Greece was the first euro member to get a bailout.

An index of consumer sentiment in the euro bloc fell to minus 20 in July, a Bloomberg News survey forecast before the European Commission reports the data July 23. It reached minus 21.3 in December, the lowest since August 2009. A factory gauge is estimated to be at 45.2 this month, a separate survey showed before the July 24 report. A reading of 50 divides expansion from contraction.

The biggest loser among major currencies today was South Africa’s rand, which weakened as investors speculated the country’s central bank may reduce interest rates again after a surprise cut yesterday. The South African Reserve Bank’s Monetary Policy Committee lowered its repurchase rate to 5 percent from 5.5 percent, the first cut since November 2010.

The rand dropped 1.5 percent to 8.2868 per dollar.

Canada’s Dollar

The Canadian dollar fell the most in two weeks versus the greenback as Canada’s annual inflation rate rose less than forecast in June, 1.5 percent, dimming the outlook for higher interest rates. The currency declined as much as 0.6 percent, the biggest intraday drop since July 6, to C$1.0131 to the greenback before trading at C$1.0125.
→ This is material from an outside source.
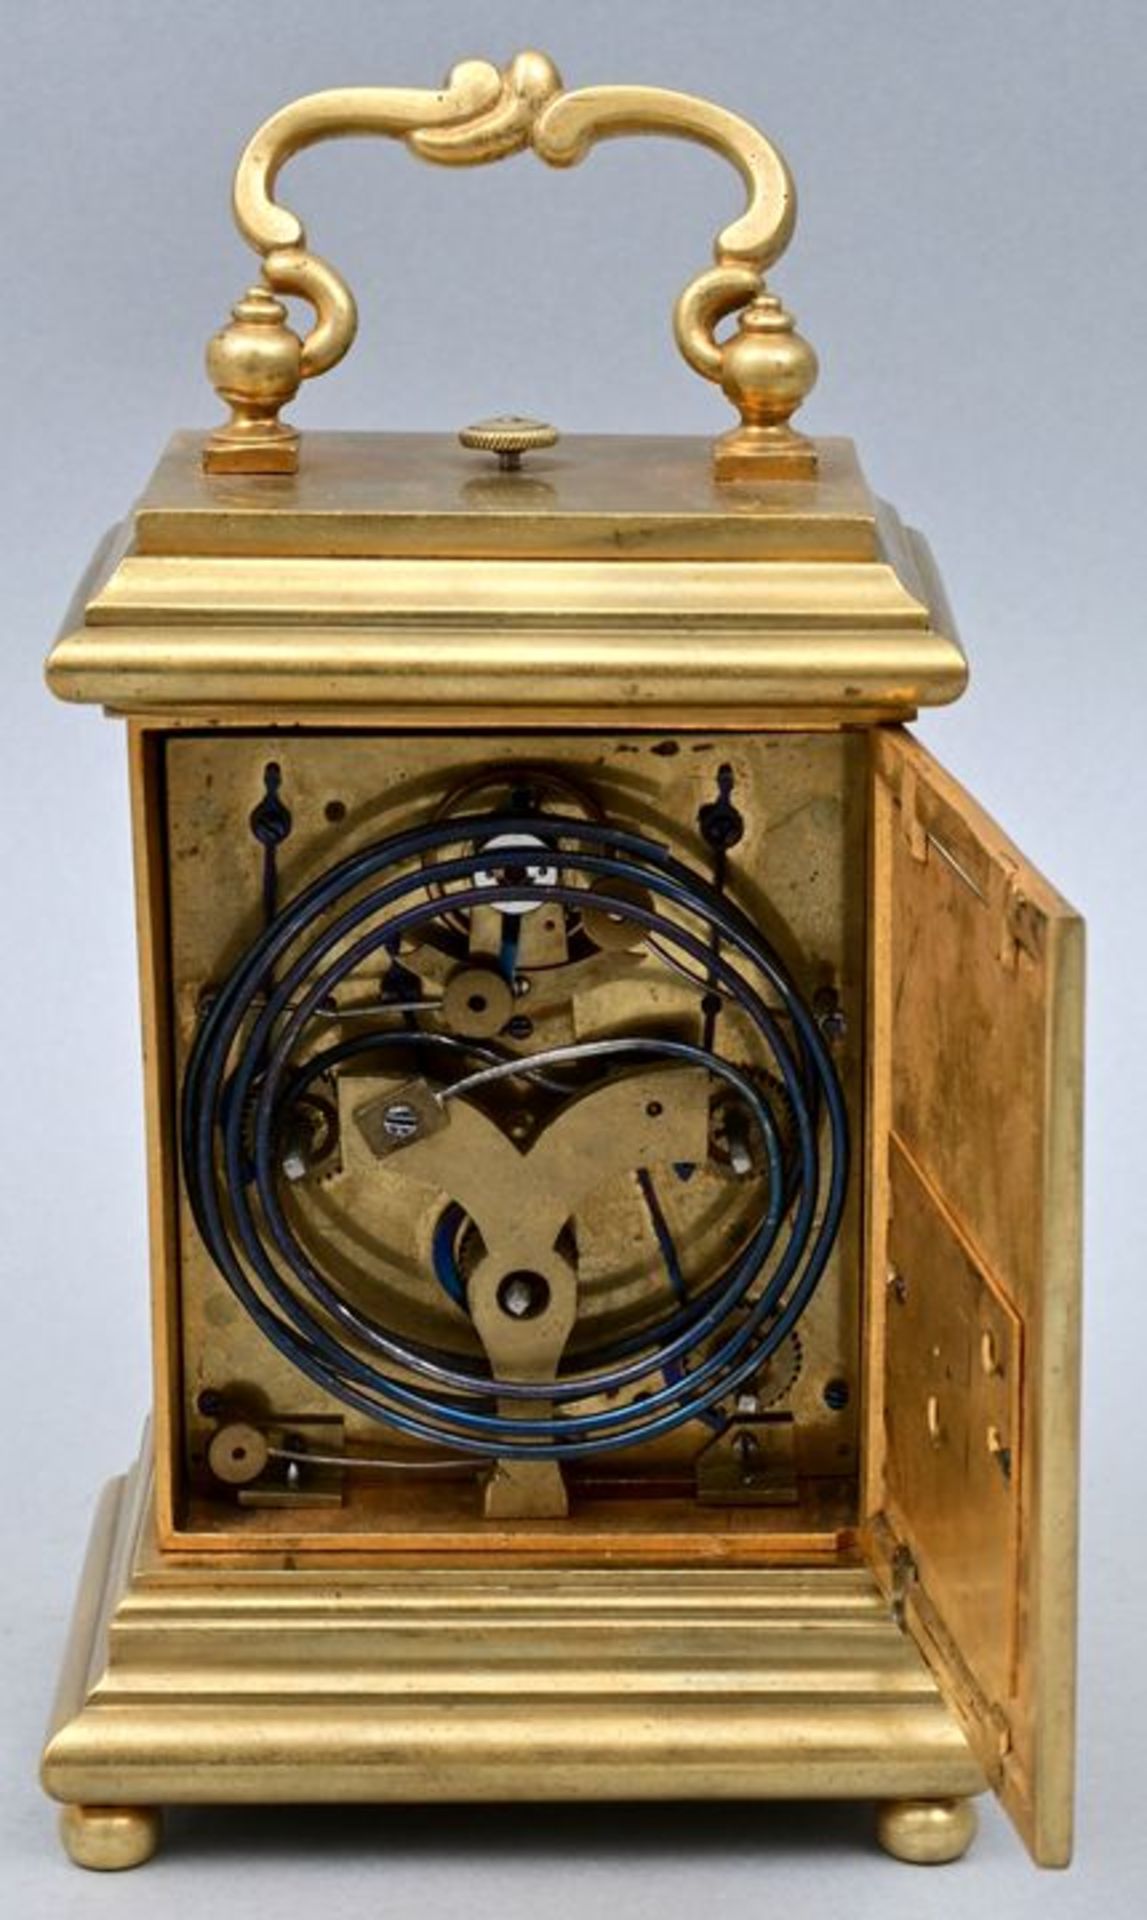 Reiseuhr Anton Liszt Wien / Travel clock - Bild 2 aus 5

Australia’s dollar fell versus its U.S. counterpart for the first time in six days as investor risk appetite sank. Data due next week also is forecast to show the nation’s consumer prices grew at the slowest year-over-year pace since June 1999, increasing scope for the Reserve Bank of Australia to lower interest rates.

The South Pacific currency depreciated 0.5 percent to $1.0378 and declined 0.6 percent to 81.46 yen.

The Aussie’s risk-adjusted loss of 0.16 percent against the dollar this year is the fourth-largest among major currencies, the Bloomberg Riskless Ranking showed. The euro was the worst performer, losing 0.69 percent versus the greenback.

The risk-adjusted return, which isn’t annualized, is calculated by dividing total return by volatility, or the degree of daily price variation, giving a measure of income per unit of risk. A higher volatility means the price of an asset can swing dramatically in a short period, increasing the potential for unexpected losses.